Apple announced that it is now 100 percent running on renewable energy. Last year, it reduced its carbon emission by almost 585,000 metric tons.

This is a major push toward the company's environment responsibility that is to reduce impact on climate change by using renewable energy resources, conserve valuable resources, and pioneer the use of safer materials for its productions and production process. 

Grand Push For Clean Energy

In 2016, Apple reached 96 percent renewable, and now, the company's operation in its 24 data centers nationwide, is now fully renewable.

Even its new corporate campus located inside Apple Park in Cupertino, California, is set to be the largest LEED Platinum-certified building in North America. The campus features large open spaces and planted with over 9,000 drought-tolerant oak and fruit trees.

"If you look at our trajectory, for the last couple of years we've been close to 100%. It's just four percent more, but it's four percent done the right way. Like our products, we sweat the details, we have pretty strict standards, and we prefer to wait and meet our standards than to rush and make a claim," says Lisa Jackson, Apple's VP for Environment.

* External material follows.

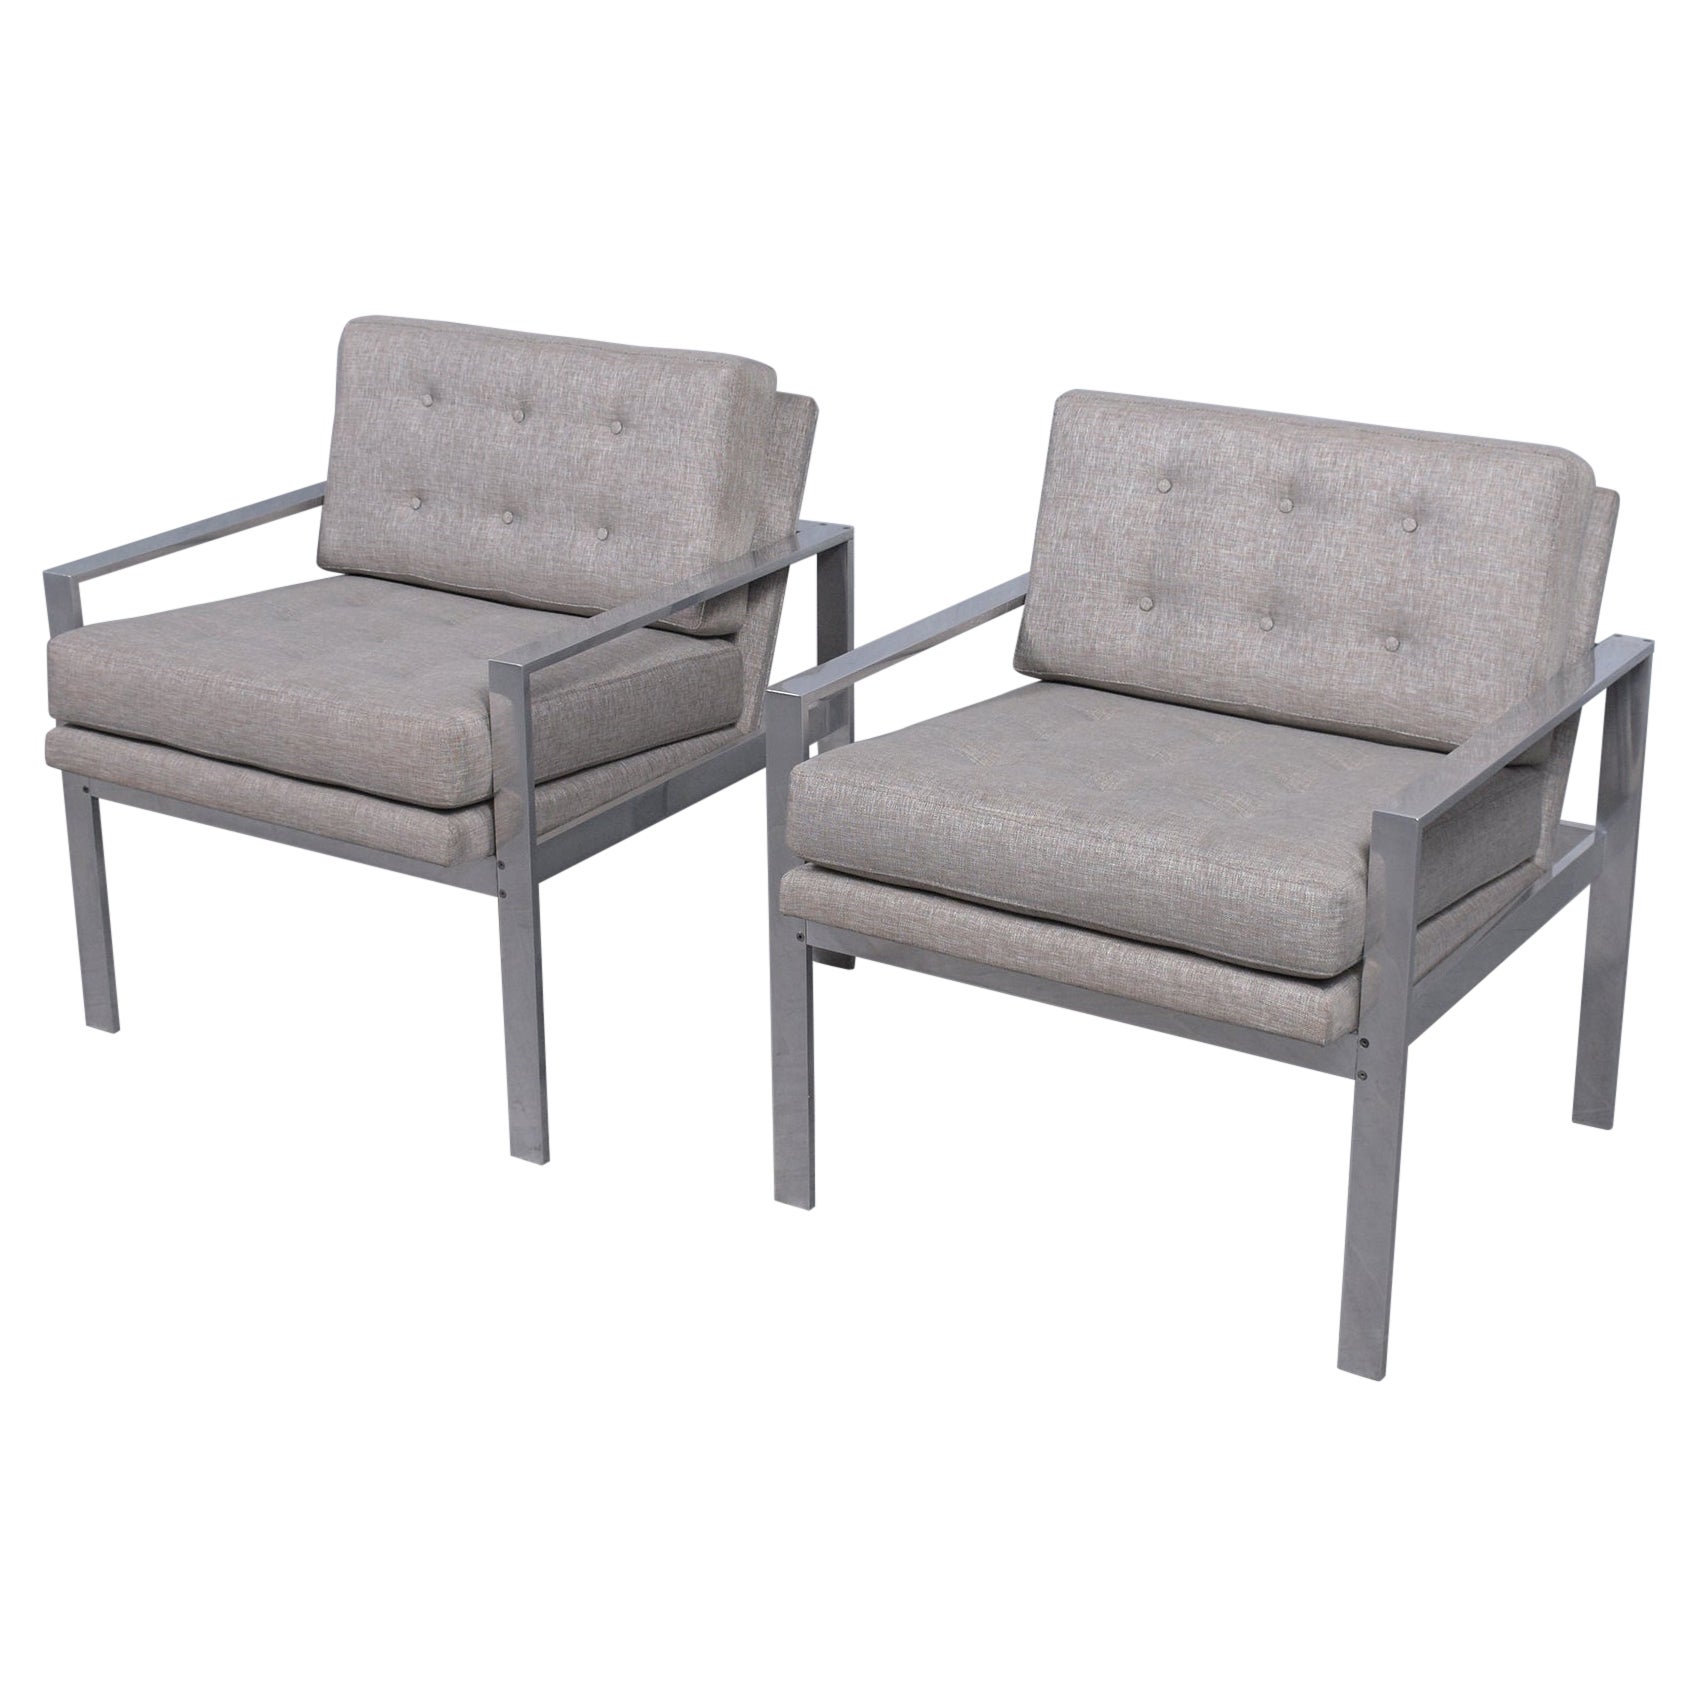 Restored Milo Baughman Lounge Chairs: Mid-Century Elegance Meets Modern Comfort

"We're committed to leaving the world better than we found it. After years of hard work we're proud to have reached this significant milestone," Apple CEO Tim Cook said in statement.

How Did Apple Do It?

The company harnesses the power of reusable energy to power its production and operation chain. It produces its own energy through developing solar, fuel cell, water, and wind projects.

Currently, it has 25 renewable energy projects worldwide that generates a total of 626 megawatts. Fifteen new projects are underway.

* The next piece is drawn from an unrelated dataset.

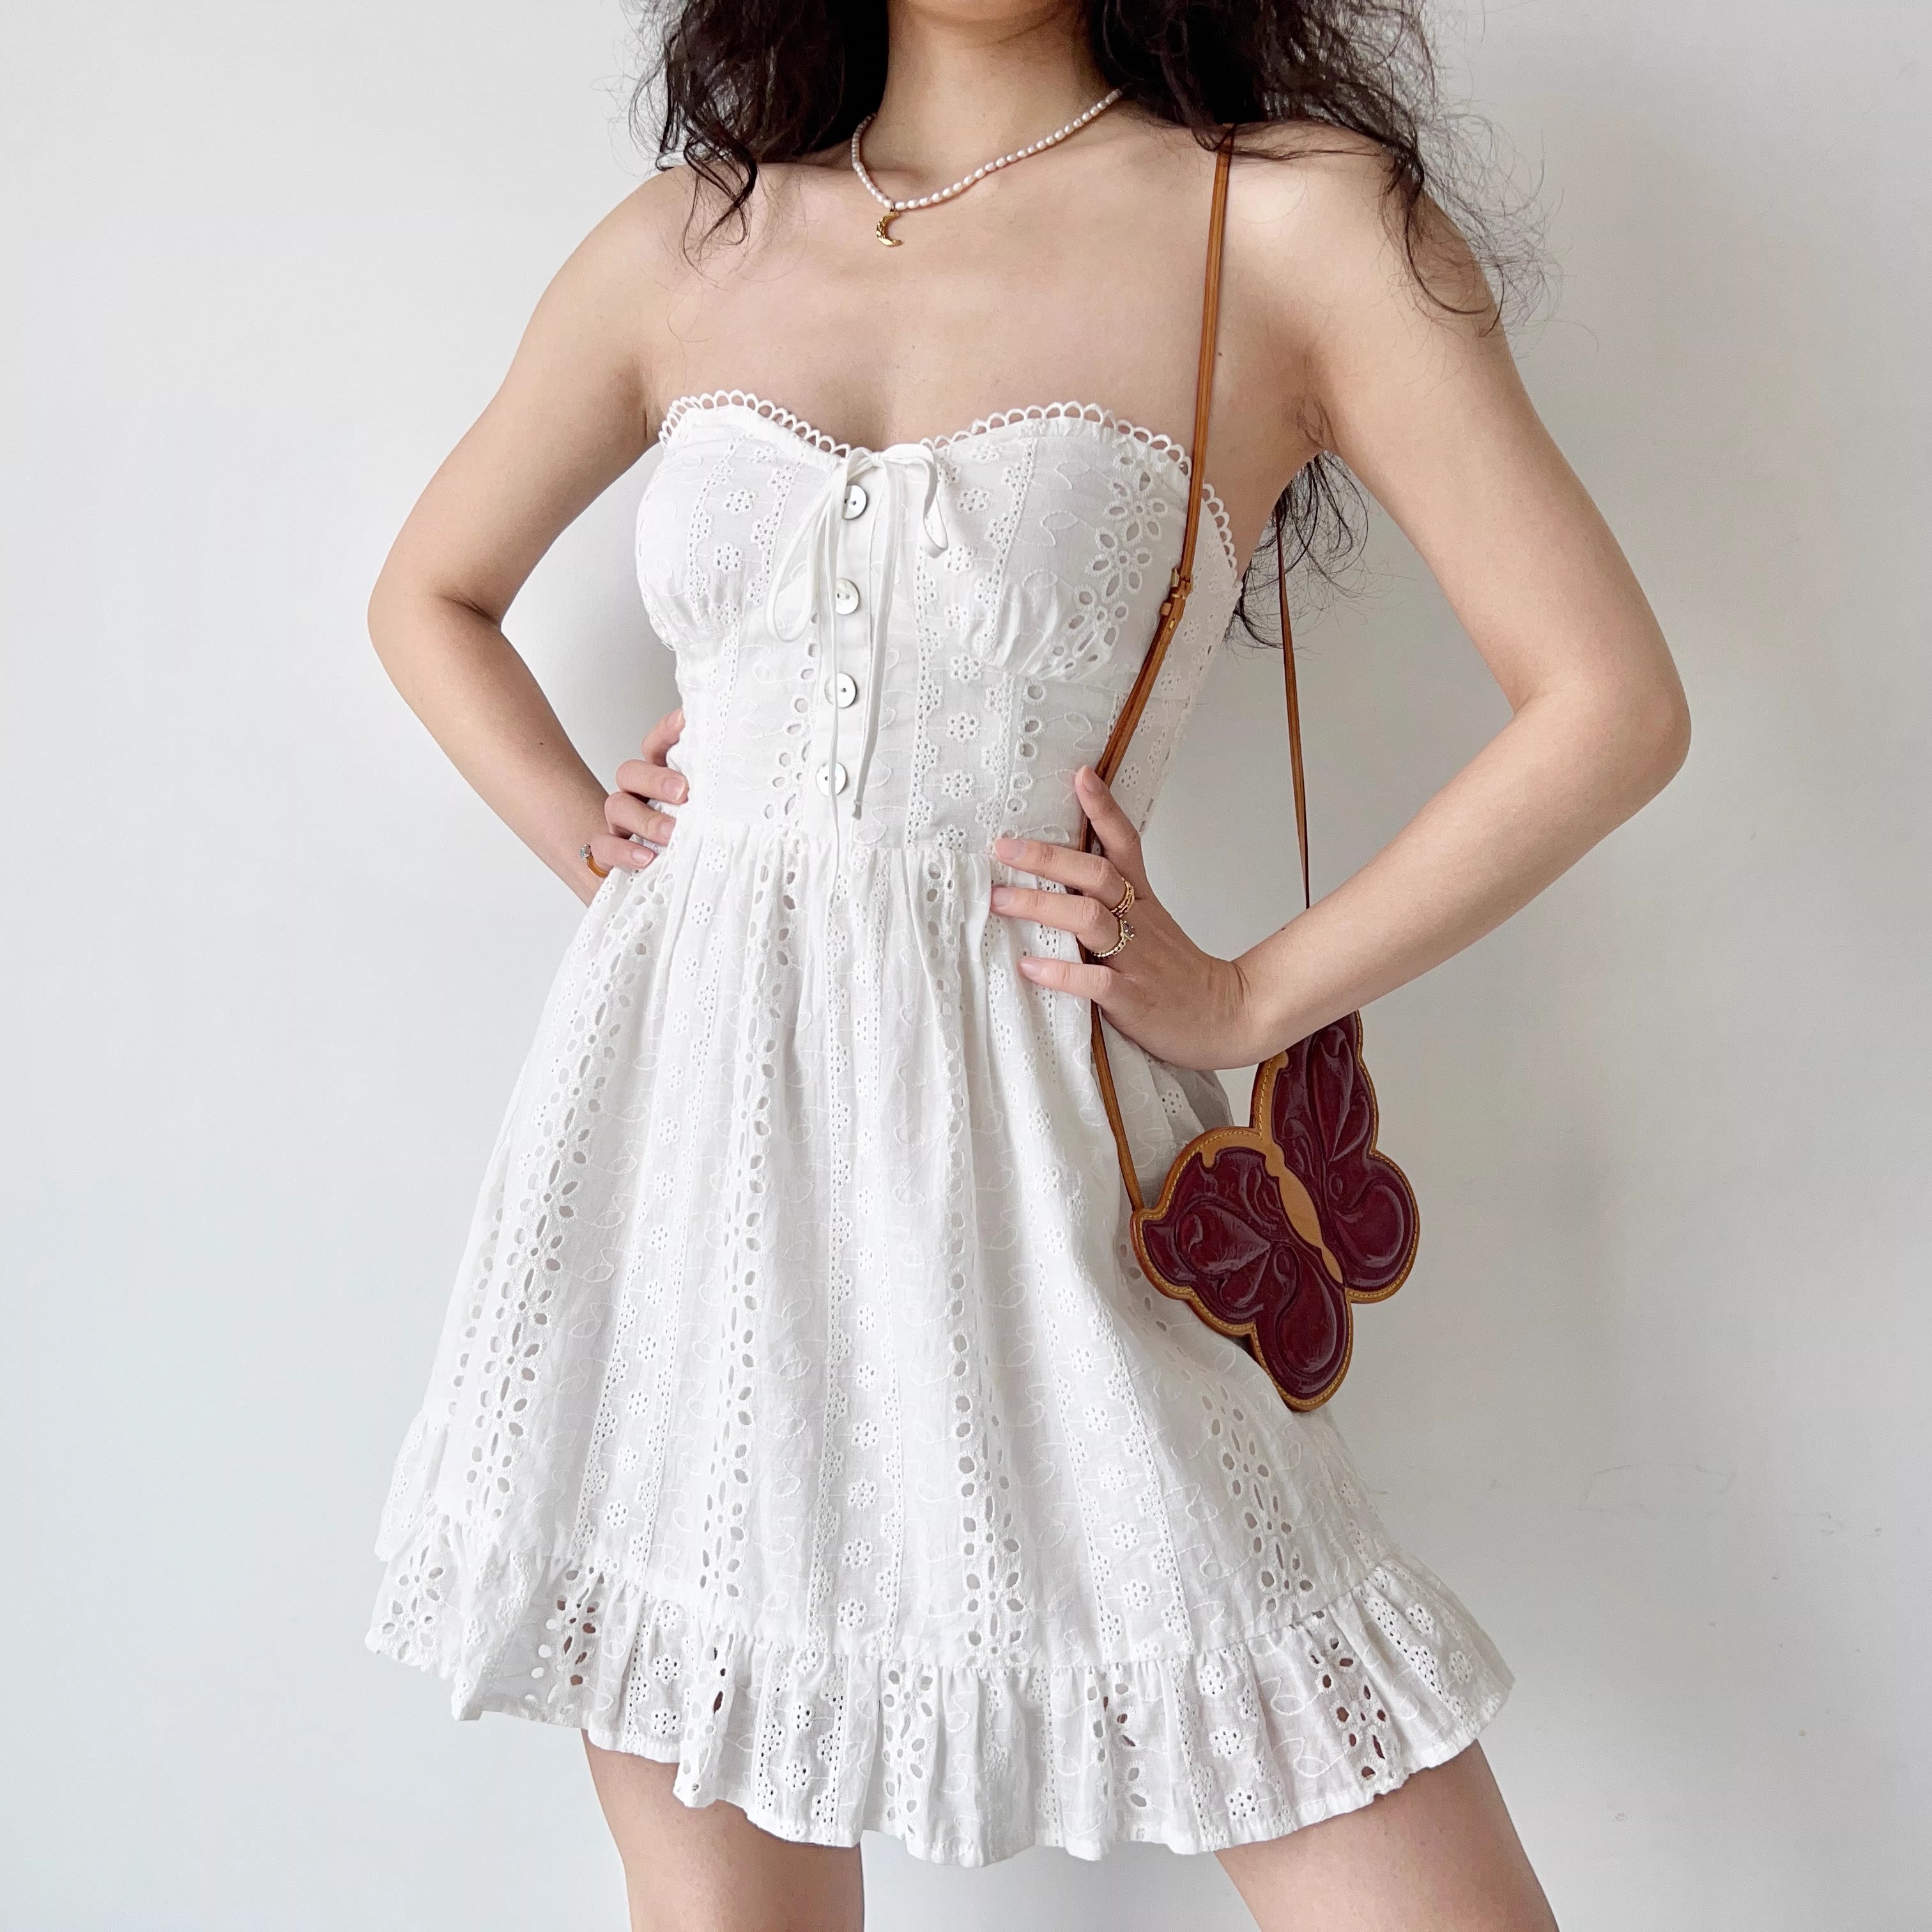 Lace Embroider လက်ကား Elegant Dresses စျေးနှုန်းစာရင်း (၄)

In 2015, it partnered with First Solar, one of the largest photovoltaic manufacturers and provider of utility-scale photovoltaic plants. First Solar will supply Apple with 130 megawatts of energy for 25 years.

It has massive investments in renewable energy and has power purchasing agreement contracts with renewable power companies. It has issued a $1.5 billion green bond to finance environmental projects, including renewable energy initiatives at its facilities around the world.

More To Come

Last year, NV Energy and Apple agreed to produce 200 megawatts of additional solar energy in Nevada by early 2019. This project will support energy needs for Apple's Reno data center where servers for Siri, iCloud, Apple Music, and Apple Pay are located. The Nevada data center is currently powered by the Fort Churchill energy project.

It also partnered with energy company Sunseap to source 100 percent clean energy by producing 32 megawatts of solar energy from solar roof panels on more than 800 roof tops in Singapore.

Whatever excess energy that the company doesn't use goes to the power grid, so others may use it. Apple connected 40 megawatts of new solar energy to China's national grid. The energy produced by Apple's solar farm is more than enough to power all its corporate offices, retail stores, and data centers in China.

Apple's 23 suppliers, including nine new suppliers has also committed to operate on a 100 percent renewable energy.

Once all of Apple's energy projects are built, over 1.4 gigawatts of clean renewable energy generation will be spread across 11 countries.